Once Upon a Time in Hollywood was an amazing trip for baby-boomers - taking us back to when television was loaded with westerns and western TV stars, cigarette commercials, big cars, white go-go boots, and names bandied around some of us haven't heard in years. And the shows: Hootnanny, Mannix, the FBI.
And it's great to see some Hollywood celebrities -Mama Cass (Rachel Redleaf), Michelle Phillips (Rebecca Rittenhouse), Steve McQueen (Damien Lewis), James Stacy (Timothy Olyphant), Wayne Maunder (Luke Perry), Bruce Lee (Mike Moh), Connie Stevens (Dreama Walker).
It was not so great given their fates, but there were some other familiar names too: Jay Sebring, (Emile Hirsch), Abigail Folger (Samantha Robinson), Voytek Frykowski (Costa Ronin), and Squeaky Fromme (Dakota Fanning).
Leonardo DiCaprio and Brad Pitt star as series actor Rick Dalton and his stunt double, Cliff Booth. Booth isn't living the LA high life - far from it - and does part-time stunt work these days and basically acts as Rick's gofer.
Rick lives, as it turns out, on Cielo Drive, right next Sharon Tate (Margo Robbie) and Roman Polanski (Rafal Zawierucha).
Tarantino has the Manson story down pat - Manson coming to look for Terry Melcher, Doris Day's son, because a proposed record deal never materialized. Sharon's pregnancy, weekend guests, the visit to El Coyote, even sitting at the right table (I've been there hundreds of times), and it did look like they actually filmed inside.
It was also fun to see Musso & Frank's Grill.
Rick Dalton, whose career is losing ground due to his alcoholism, makes an appearance on "Lancer," directed by Sam Waterston (Nicholas Hammond). Wanamaker, the original George in Virginia Woolf, did indeed do a lot of television directing.
Rick's time on Lancer is juxtaposed with Sharon going to see herself in a film, The Wrecking Crew.
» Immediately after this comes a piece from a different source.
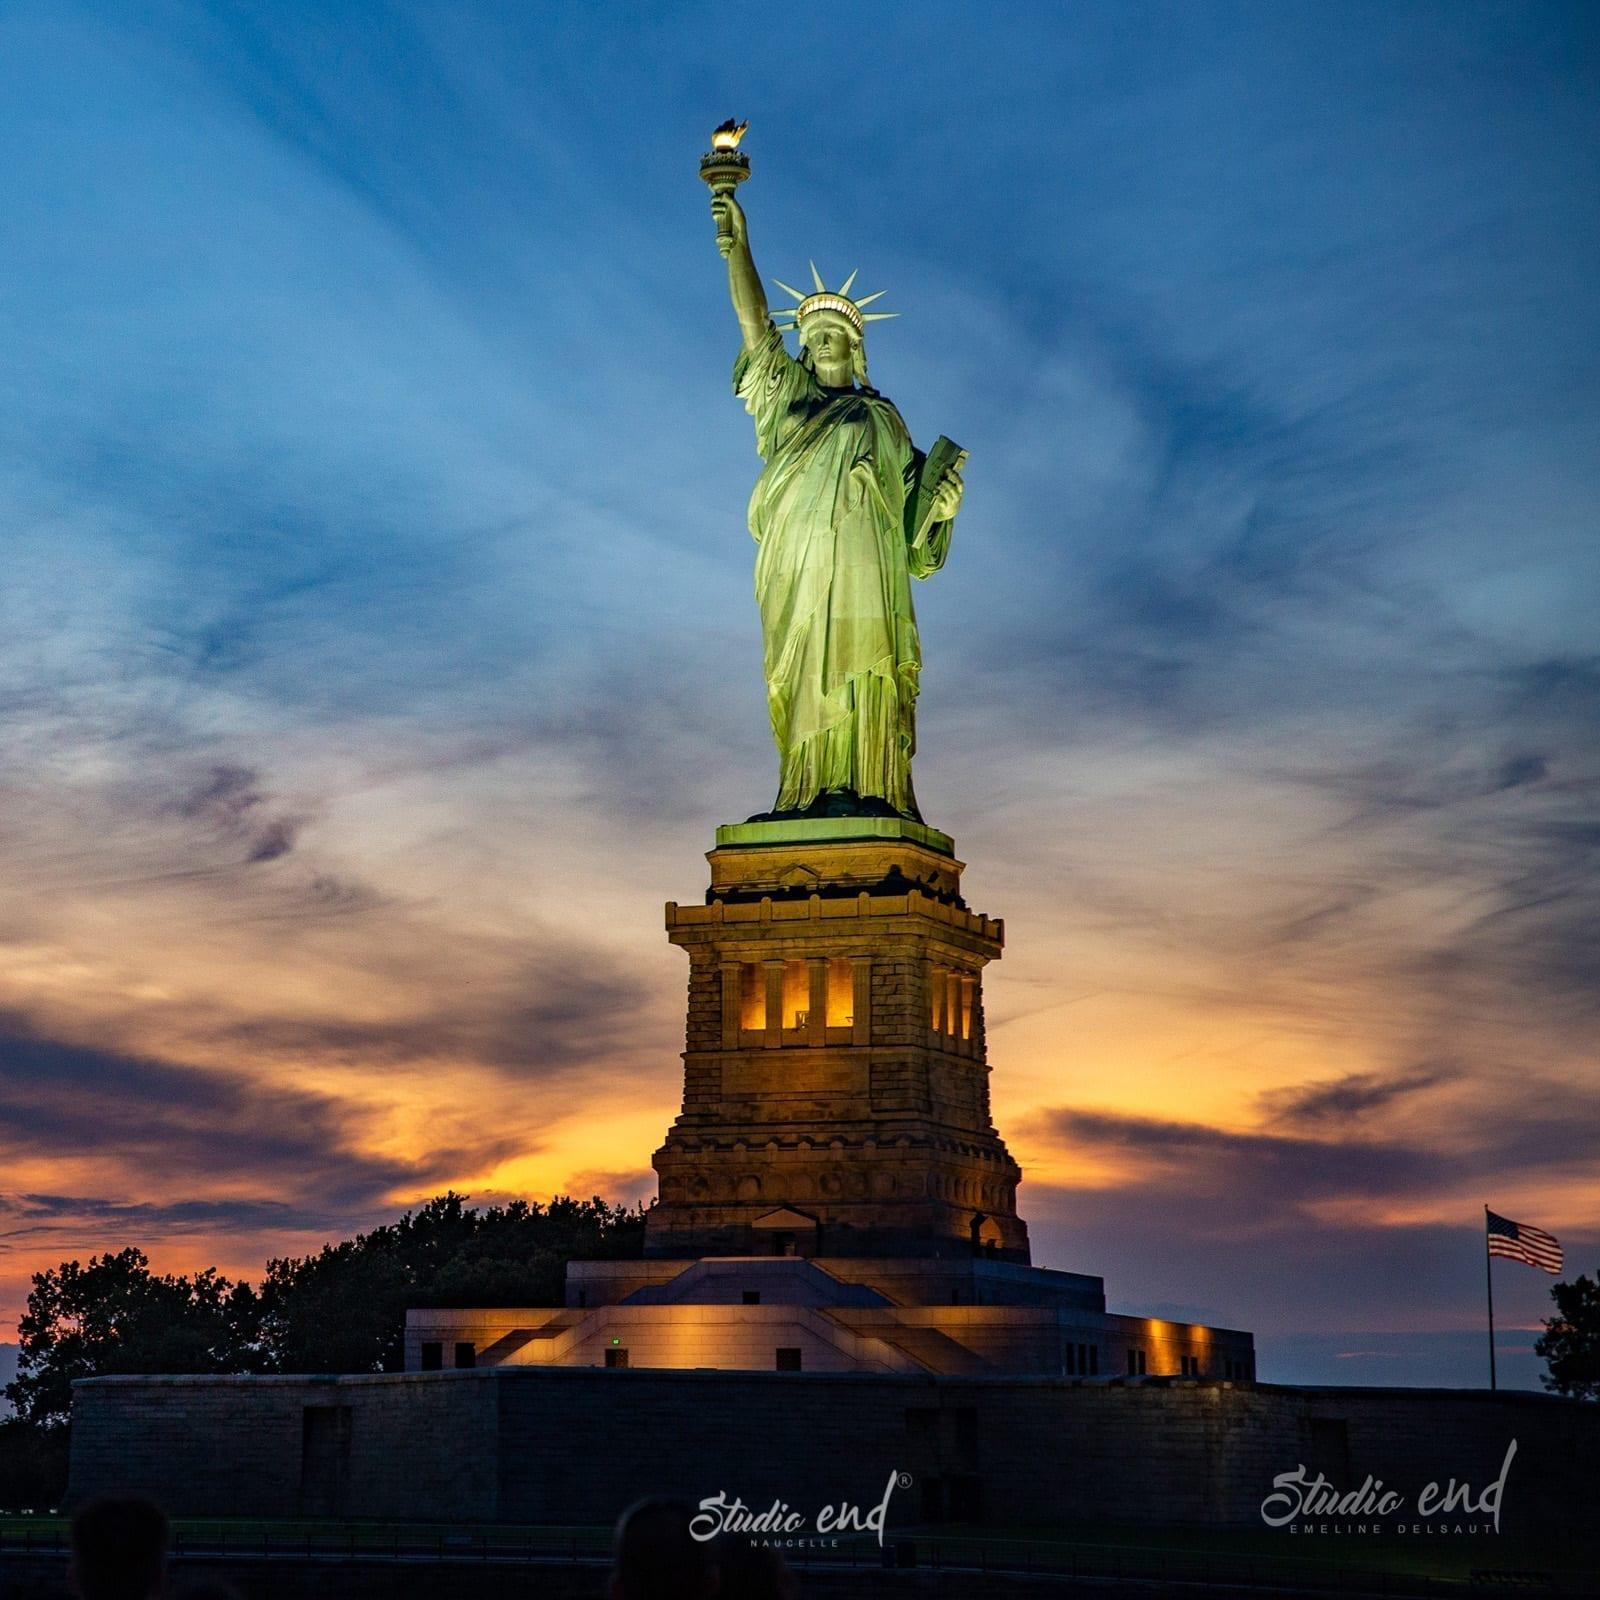 reportage photos à New-York, vue de la Statue de la liberté photographe Studio End Aveyron

We see her young, beautiful, and happy.
I admit here that I felt the "Lancer" section was way too long, but part of that could be because I wasn't feeling that well during that time. It did show Rick determined to do a good job. The entire scene represents a wonderful tour de force for DiCaprio.
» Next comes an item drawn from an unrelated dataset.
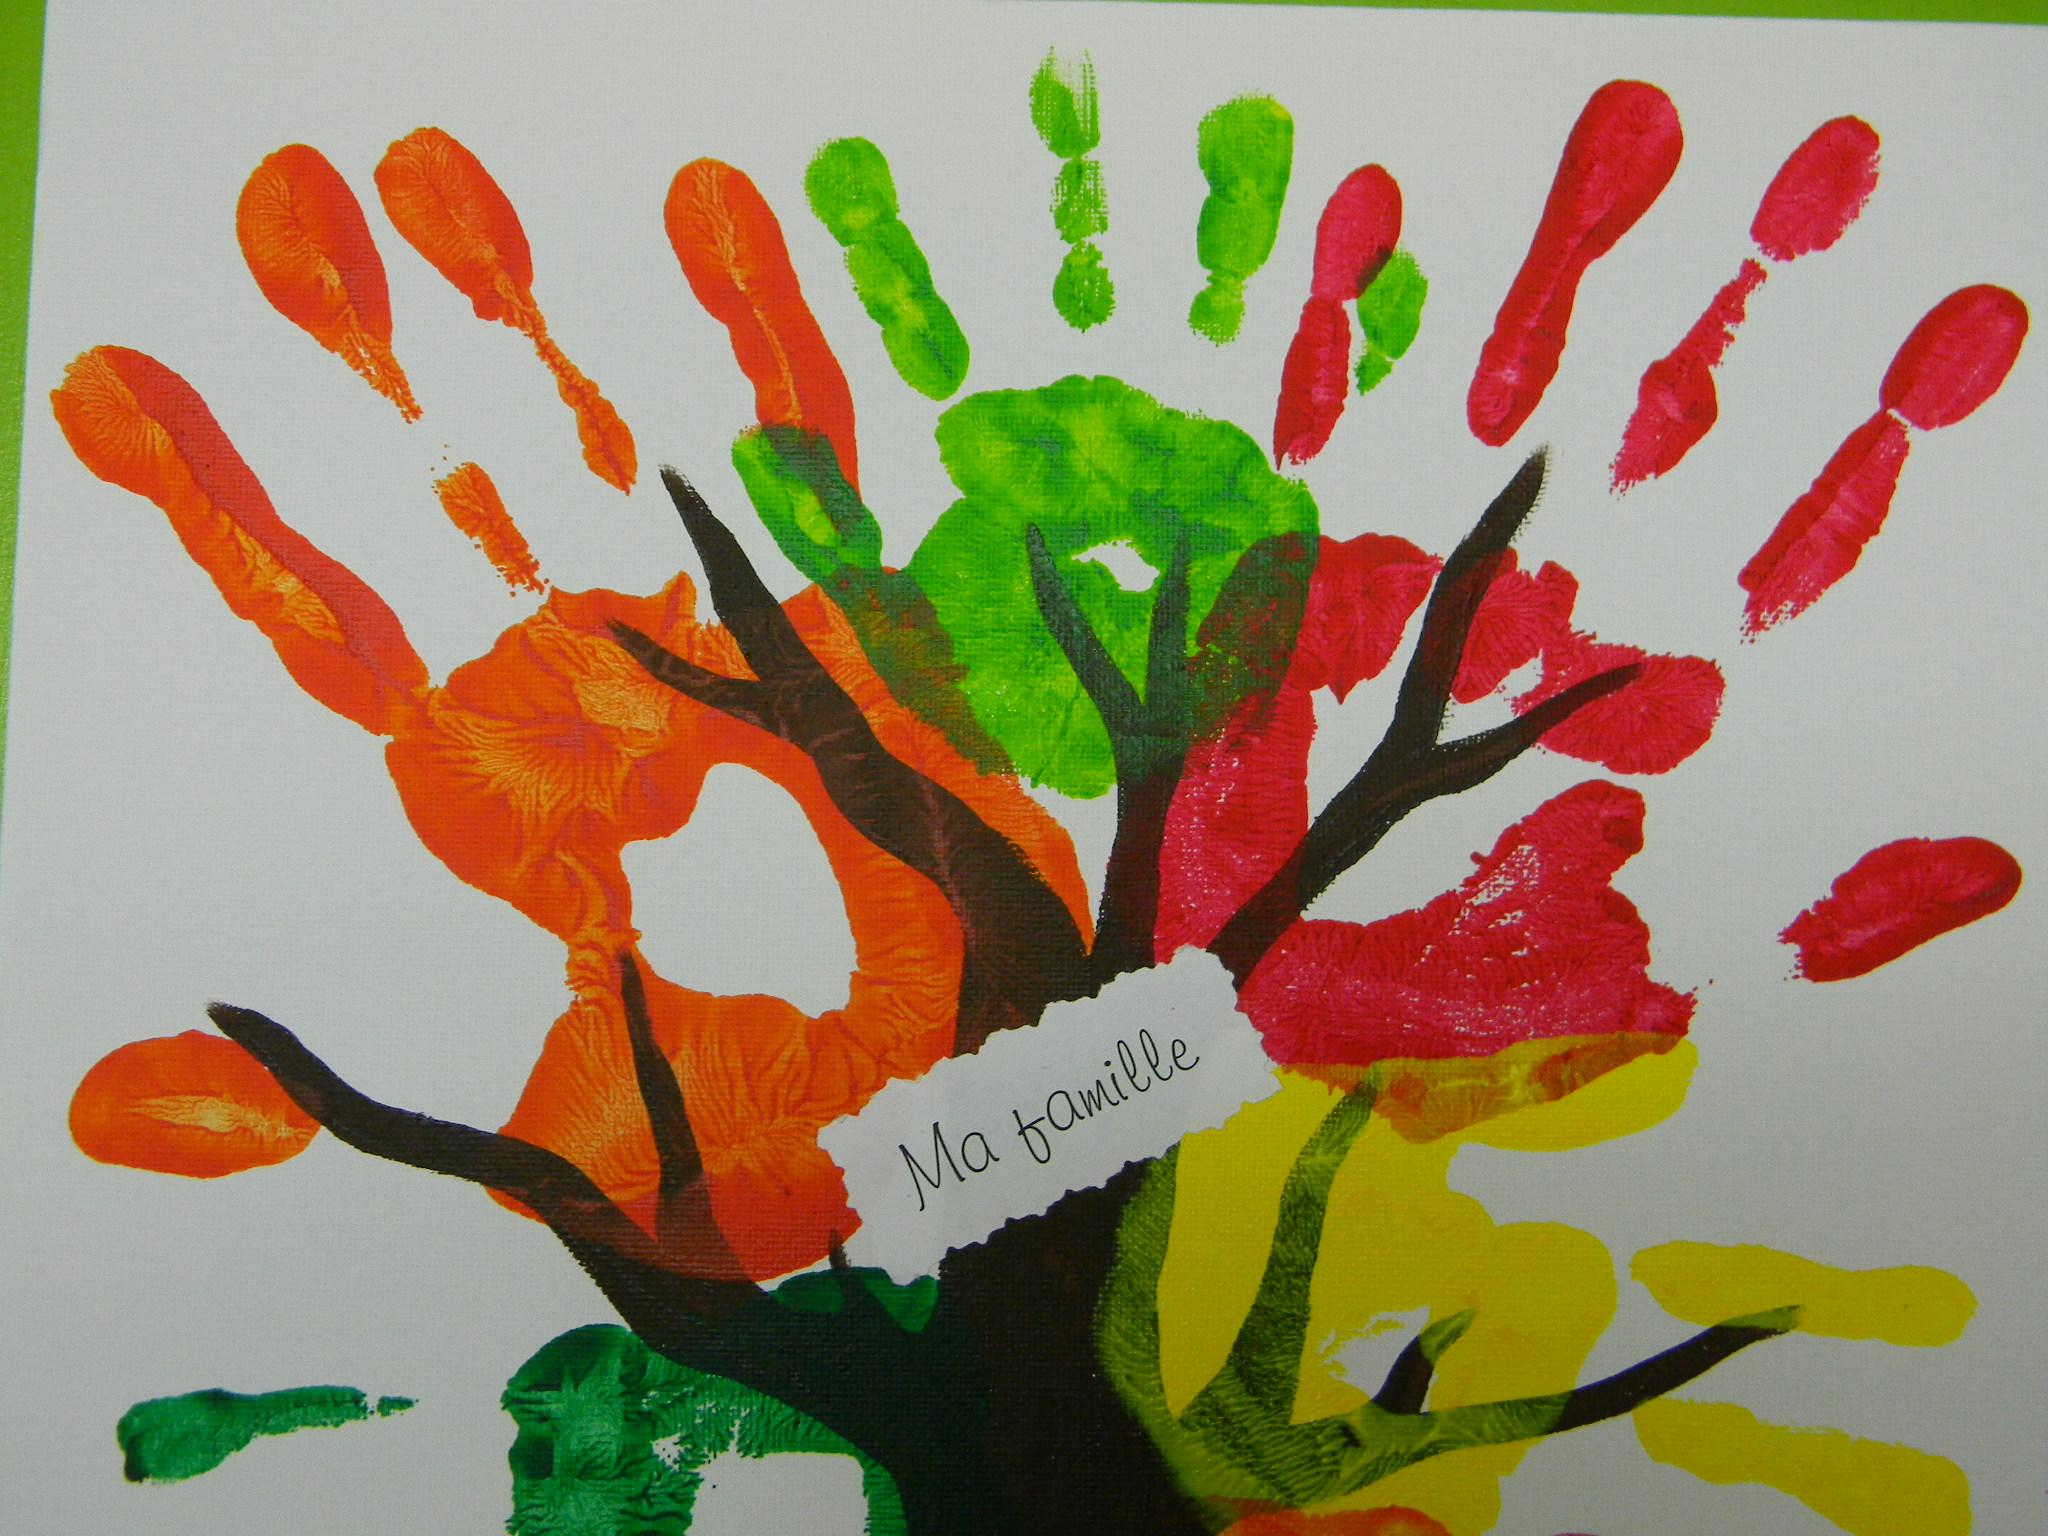 Peindre et cr er pour le plaisir cole des sens et autisme - Peinture main enfant ...

After a nostalgic and sometimes amusing wind-up, Tarantino goes into full Tarantino mode in the last forty minutes or so. Also stay through the credits; the movie doesn't end where you think it does.
So Tarantino in a way heals this beloved era and a time in Hollywood where everything was beginning to be in flux - western stars making films in Italy and Spain, the detective show taking the place of westerns, and events in the air that would change Hollywood forever.
Pitt and DiCaprio are dynamite together, DiCaprio, drunk, sad, but a man who can still act. Pitt is cool and takes life as it comes.
Another standout for me was Damien Lewis as Steve McQueen. The man's amazing.
However, the film is loaded with vignettes and memories in the corners of our minds as the song says, that if you're a boomer, you can't not love. It was the summer of love, it was a prelude to a much more somber time. For the non-boomers, there are DiCaprio and Pitt doing what they do best - being movie stars.